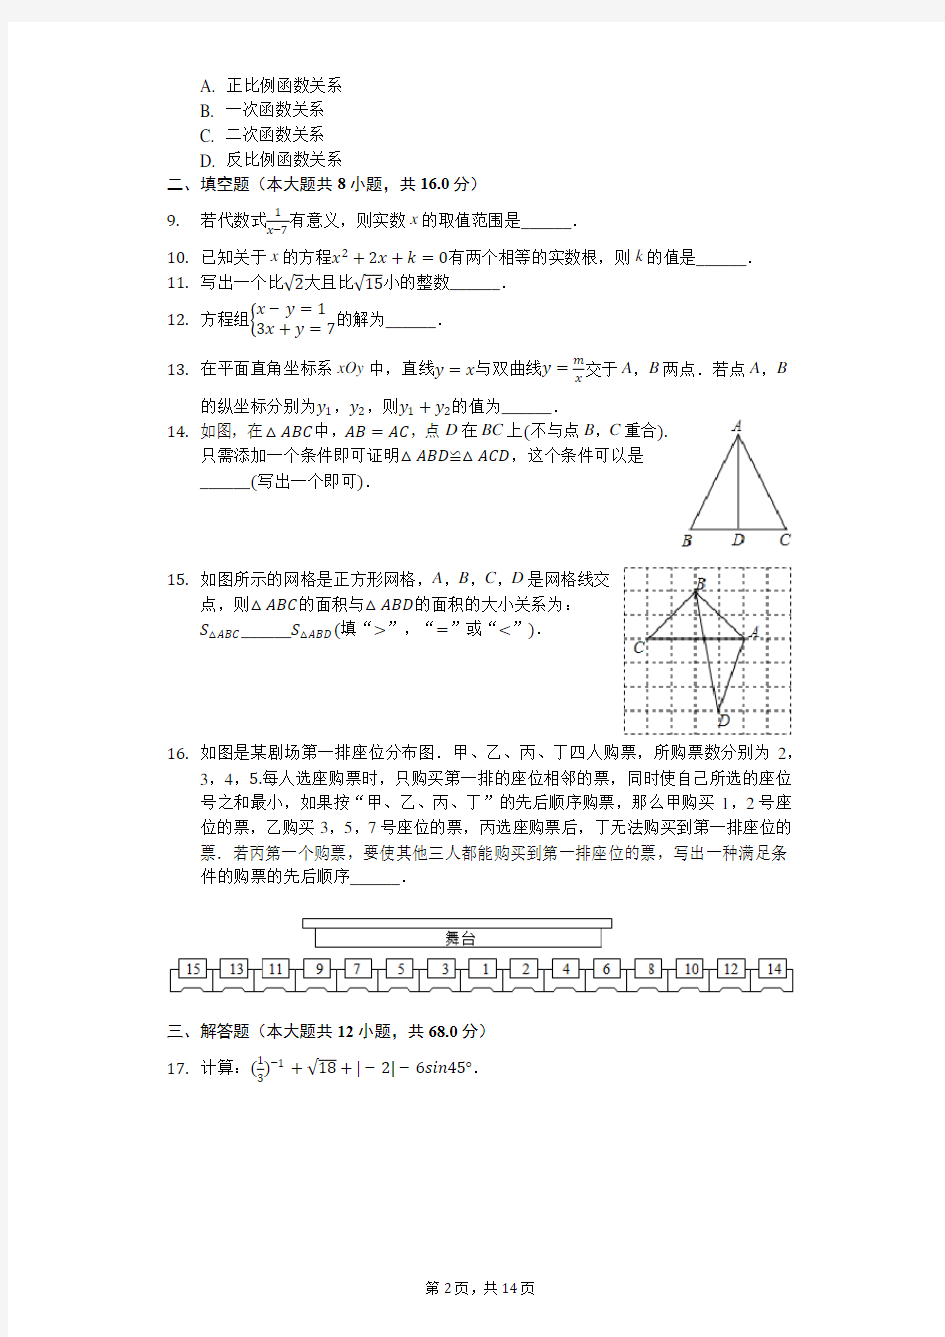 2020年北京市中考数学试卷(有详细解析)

...

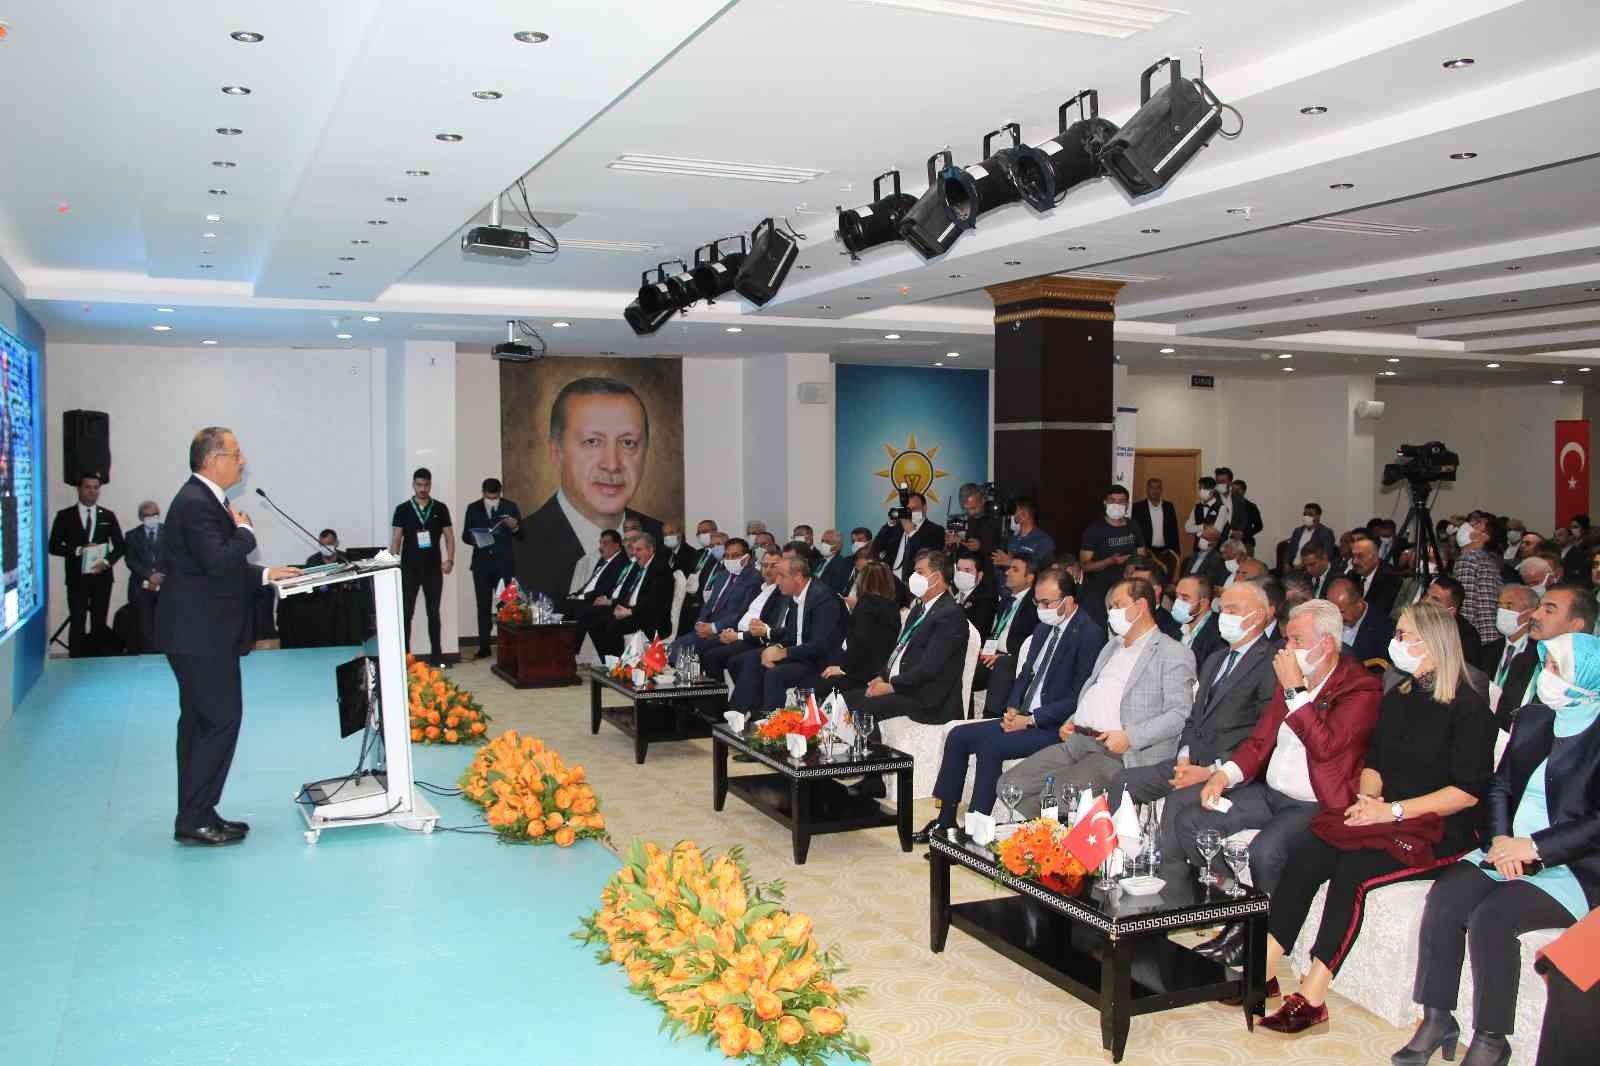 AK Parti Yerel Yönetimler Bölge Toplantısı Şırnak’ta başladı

--

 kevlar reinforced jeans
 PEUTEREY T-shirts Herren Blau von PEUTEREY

### ABOUT THIS EXERCISE
All lines above from the one containing "kevlar reinforced jeans" to the one containing "PEUTEREY T-shirts Herren Blau von PEUTEREY" must be repeated exactly, both lines included, and no others.

### TASK OUTPUT
 kevlar reinforced jeans
 PEUTEREY T-shirts Herren Blau von PEUTEREY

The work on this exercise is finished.